The notable thing about supported living and community living support is that it’s regular. Typical. “Normal.” It’s where somebody with intellectual disability lives. A house in a neighborhood. An apartment in a complex, small or large. A condo. A townhome. Next door to you.
Back to Eleanor
Because Eleanor’s full complement of characteristics includes intellectual disability, she’s different intellectually than most of your other neighbors. It’s OK to recognize that. Actually, it’s important to know that. If you aren’t the kind of person who really gets to know and socially embrace all of your neighbors, there’s no expectation you will treat Eleanor differently. (But as you probably do say “good morning” or “how are you today?” to other neighbors, Eleanor would probably like it if you spoke to her, too.) If you are the kind of neighbor who knows and socially embraces all of your neighbors, there’s no expectation you will treat Eleanor differently. She hopes.

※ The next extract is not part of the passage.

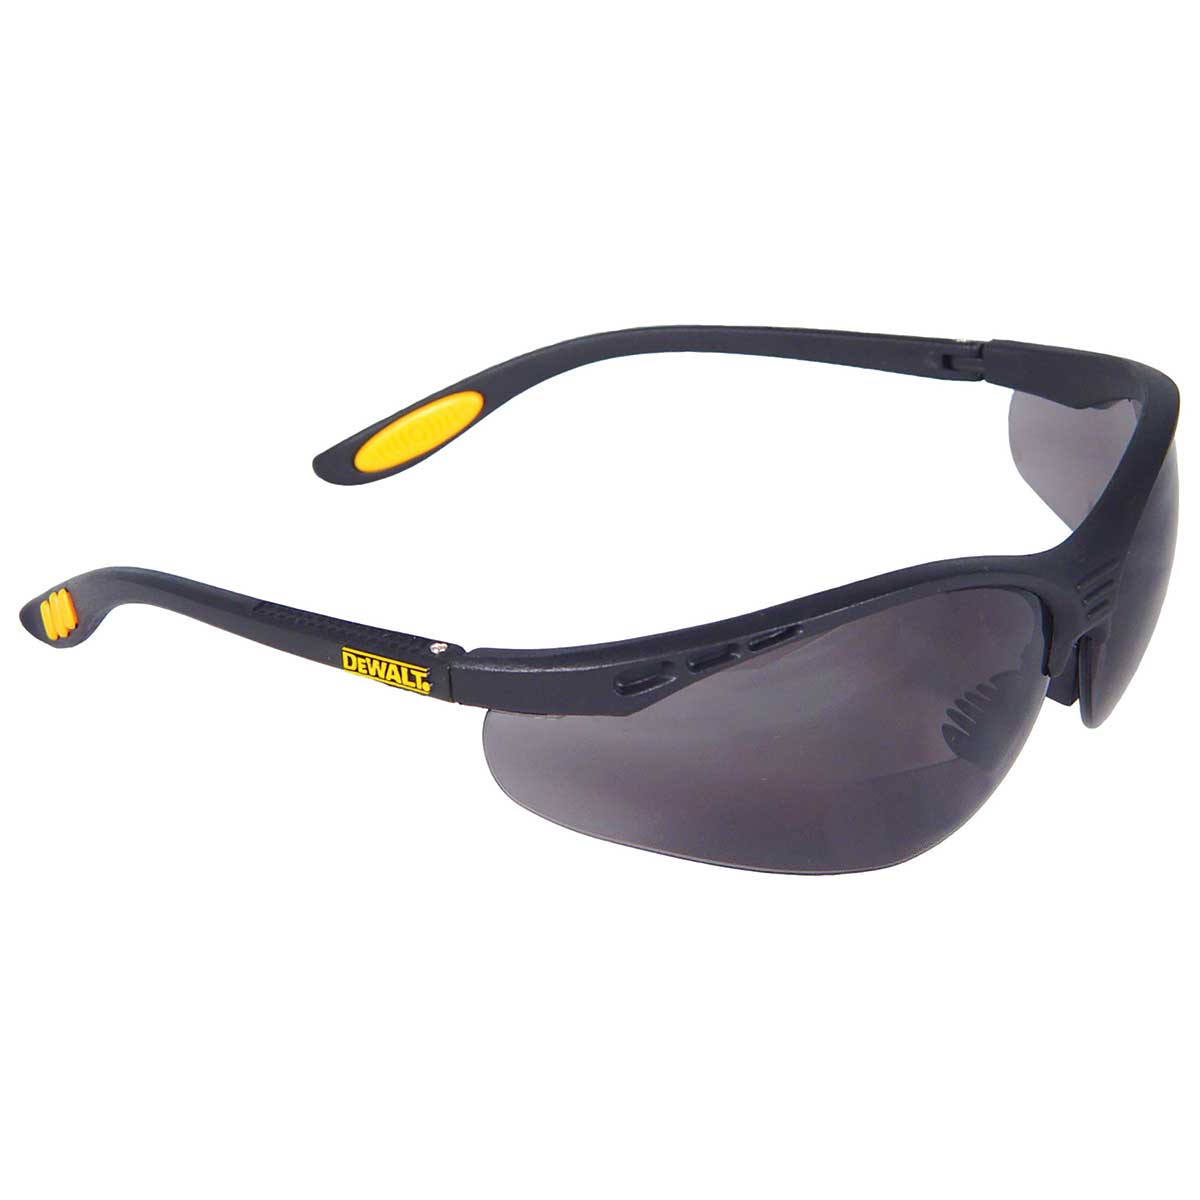 DEWALT Reinforcer Rx Safety Glasses

I asked my friend Donna to write this post because almost anytime I talk to someone about my son being in supported living, the person will say, “Where does he live?” and I will say, “In a condo in Franklin.” And then the person will ask if it’s a special-needs condo complex or if it’s some kind of “facility.” I then explain that he lives in a condo complex that has all kinds of “typical” people, nothing special needs about it, nor is it any kind of facility. Just a regular, ol’ condo in our hometown. And he has staff 24 hours a day to help him live the kind of life he wants to live, doing the things he likes to do—just like the rest of us.